A trial of Jammertest 2024 is underway in Norway
Global navigation satellite system (GNSS) jamming and spoofing incidents were becoming more frequent, especially in critical regions such as northern Norway, and could be related to military activities in neighbouring countries. Such security threats have prompted governments and research institutions to seek more jamming-resistant GNSS systems, as well as non-GNSS positioning, navigation and timing (PNT) emergency systems. The Norwegian Ministry of Defence, for example, has proposed the development of PNT-powered alternatives to protect maritime navigation from GNSS interference.
To address this challenge, researchers are evaluating the ability of existing and emerging technology systems to withstand jamming and spoofing attacks in real-world scenarios. During Jammertest 2024, GNSS jamming experiments, including simple and complex spoofing and jamming attacks, are being conducted on the island of An in north-west Norway. These trials are designed to enable participants to identify potential strengths and weaknesses of their GNSS-based systems.
In this area, Septentrio and its Septentrio Mosaic GNSS module are noteworthy.Septentrio is a company that specialises in providing high-precision GNSS solutions, and its Mosaic GNSS module is renowned for its robust anti-jamming capabilities.The Mosaic-X5™ is a superb anti-jamming The Mosaic-X5™ is a superb anti-jamming GNSS receiver that includes an intuitive web-based user interface that makes operation and monitoring easy, allowing you to control the receiver from any device or computer. The home page of the web interface also contains a variety of status indicators for the receiver, making it ideal for monitoring the receiver's operational status.
Principles of interference and spoofing include, but are not limited to, chirp, continuous wave, sawtooth chirp, FM, impulse, narrowband noise, and matched spectrum.
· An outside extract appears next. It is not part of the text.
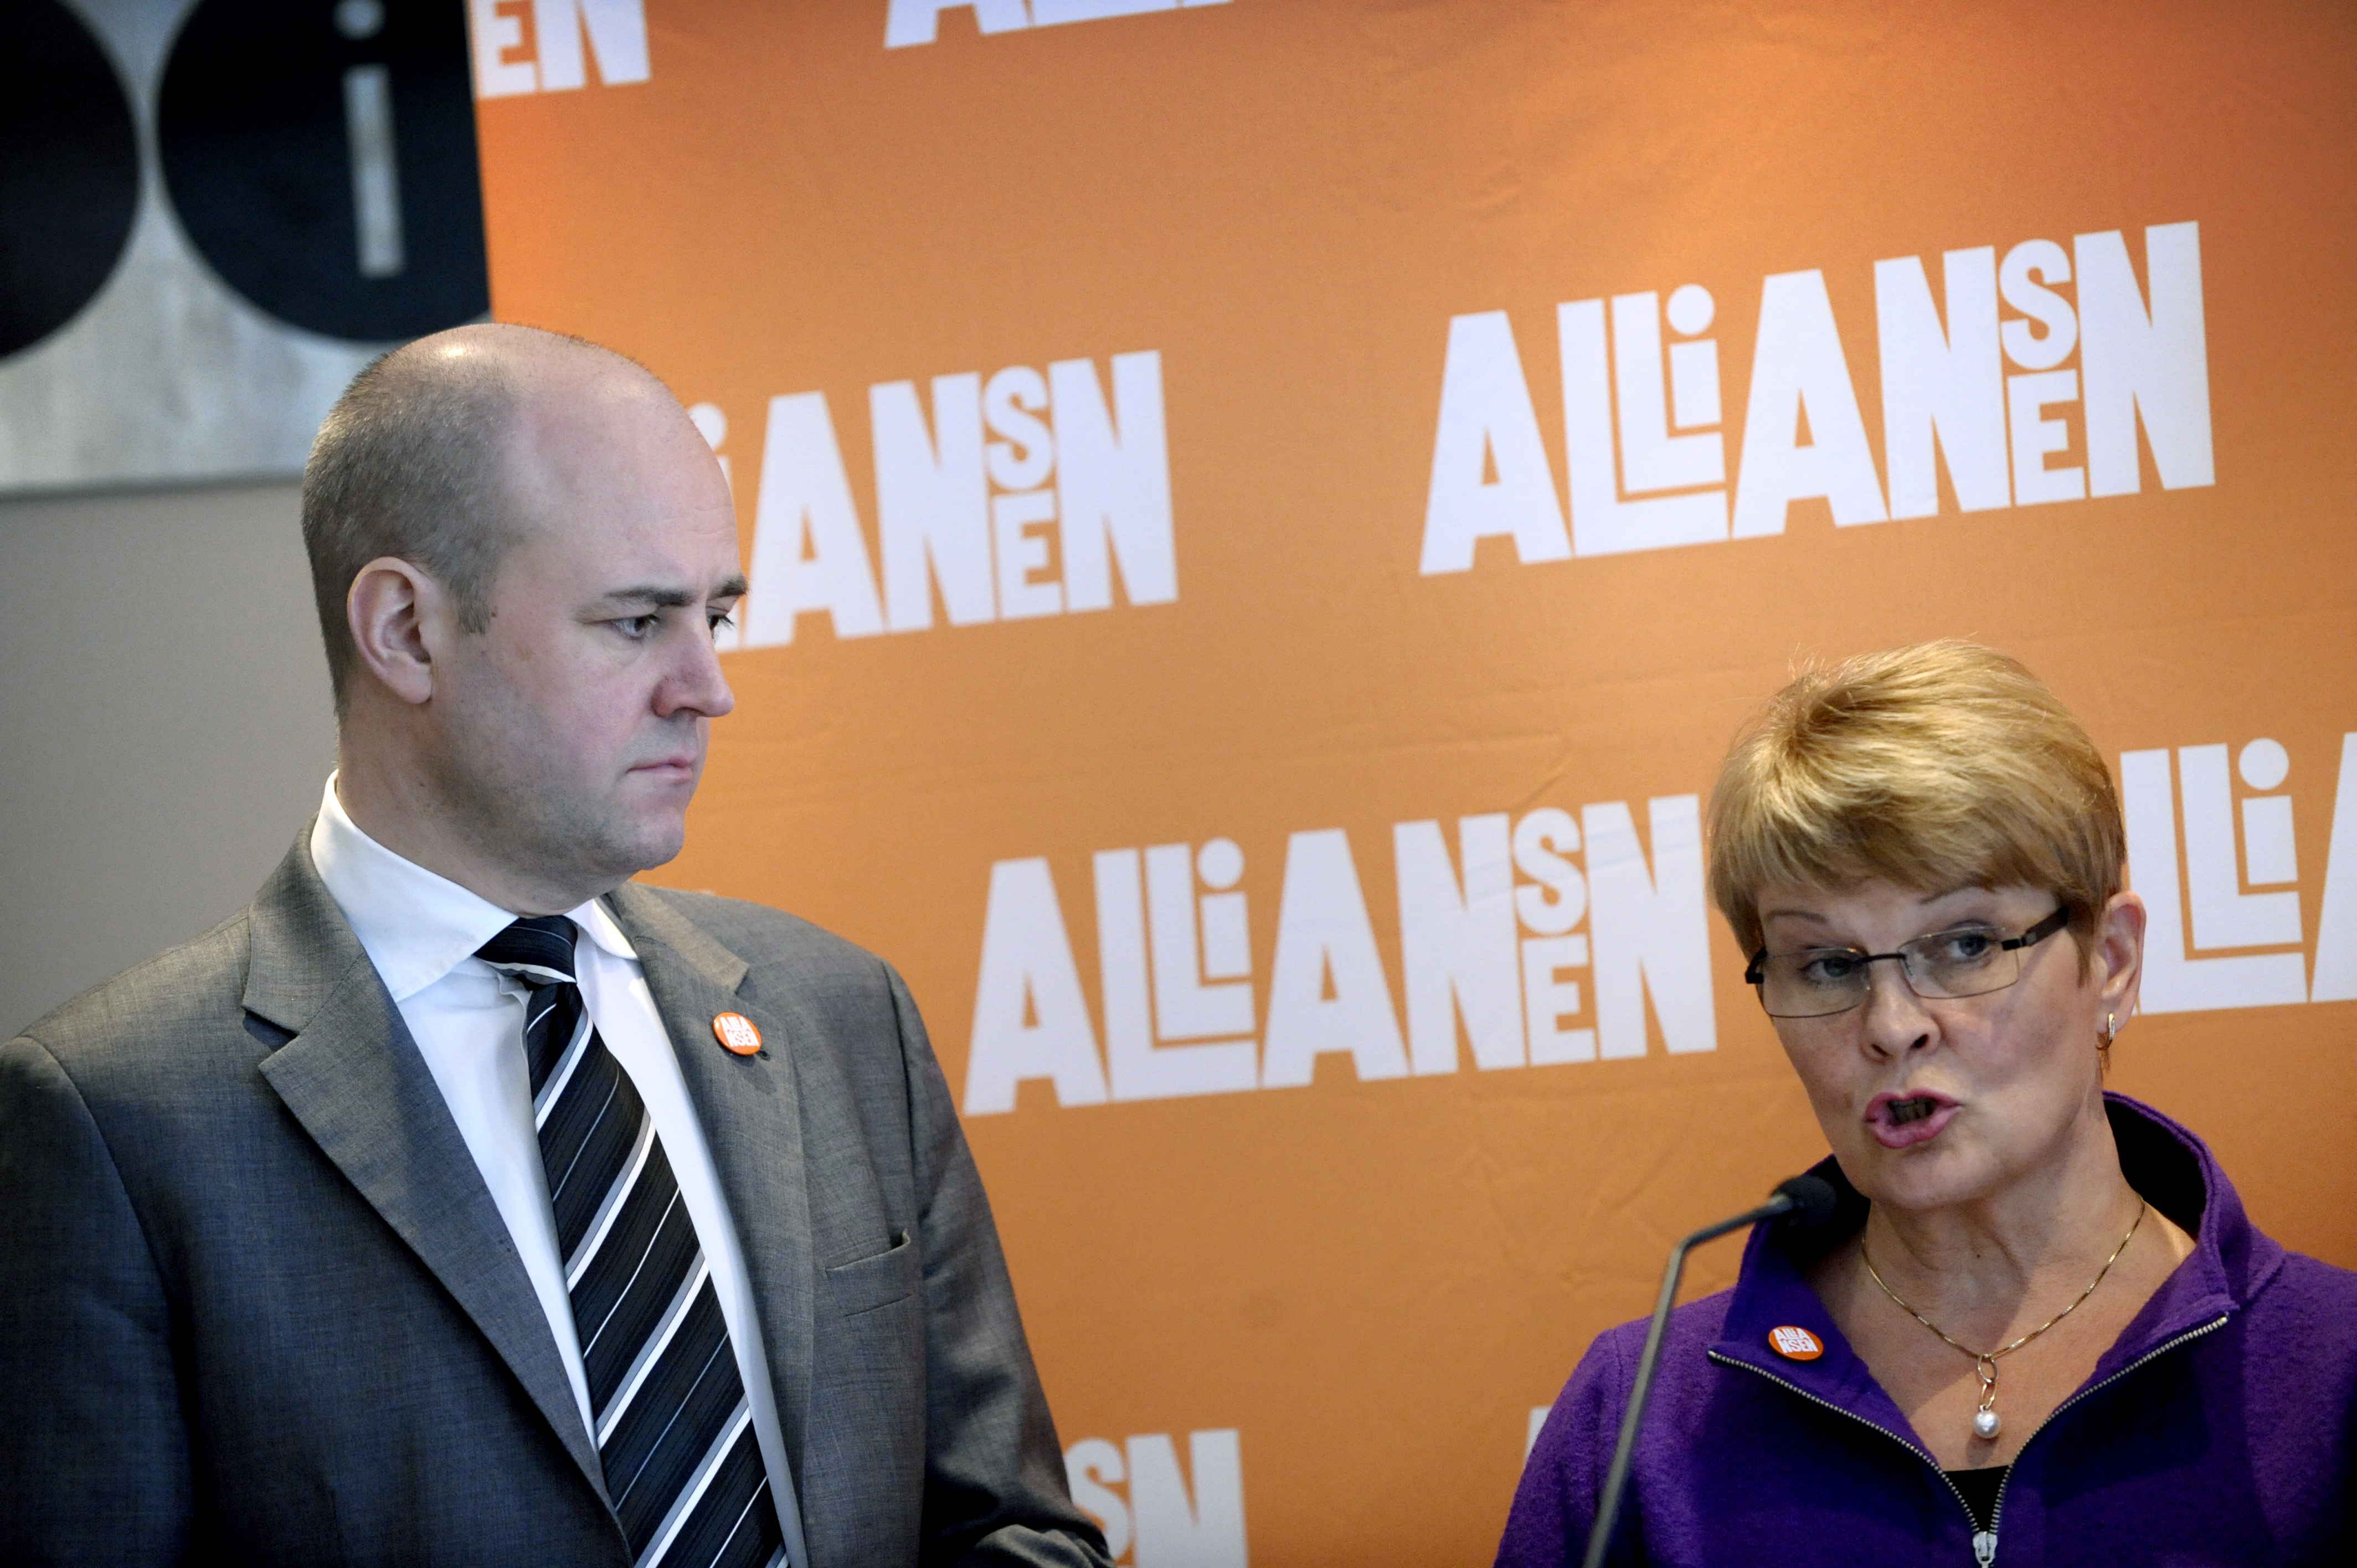 Riksdagsvalet 2010, Centerpartiet, Alliansen, Moderaterna, Maud Olofsson, Regeringen, Fredrik Reinfeldt

There are various methods for detecting these interferences, including statistical-based interference detection methods, time-frequency analysis-based interference detection methods, and machine learning-based interference detection methods.
In order to improve the security and robustness of GNSS, researchers are exploring a variety of technical means. For example, one study proposes a deep learning-based interference detection method, which identifies the type of interference in the signal time-frequency image by training a convolutional neural network (CNN). In addition, there are studies that utilise multi-antenna arrays and spatial processing techniques to detect and suppress spoofed interference.
The concept of an integrated PNT system has also been proposed to enhance the system's immunity to interference. The core of this system is not to rely excessively on GNSS, but to use all available PNT information sources to implement full-airspace target positioning, navigation and timing services. The information sources of the integrated PNT system must be ‘multi-source information based on different physical principles’; the operation and control system should be based on a cloud platform, realising common measurement and control by user volunteers; the user terminals or sensors must be ‘deeply integrated and low-power’; the PNT service information must be ‘intelligent fusion or adaptive fusion’; the PNT service information must be ‘intelligent fusion or adaptive fusion’; and the PNT service information must be ‘intelligent fusion’. ‘intelligently fused or adaptively fused’.
These studies and experiments have shown that the security and robustness of GNSS is a hot spot in current research and that Governments and research institutions are actively developing new technologies and strategies to deal with the threats of interference and spoofing.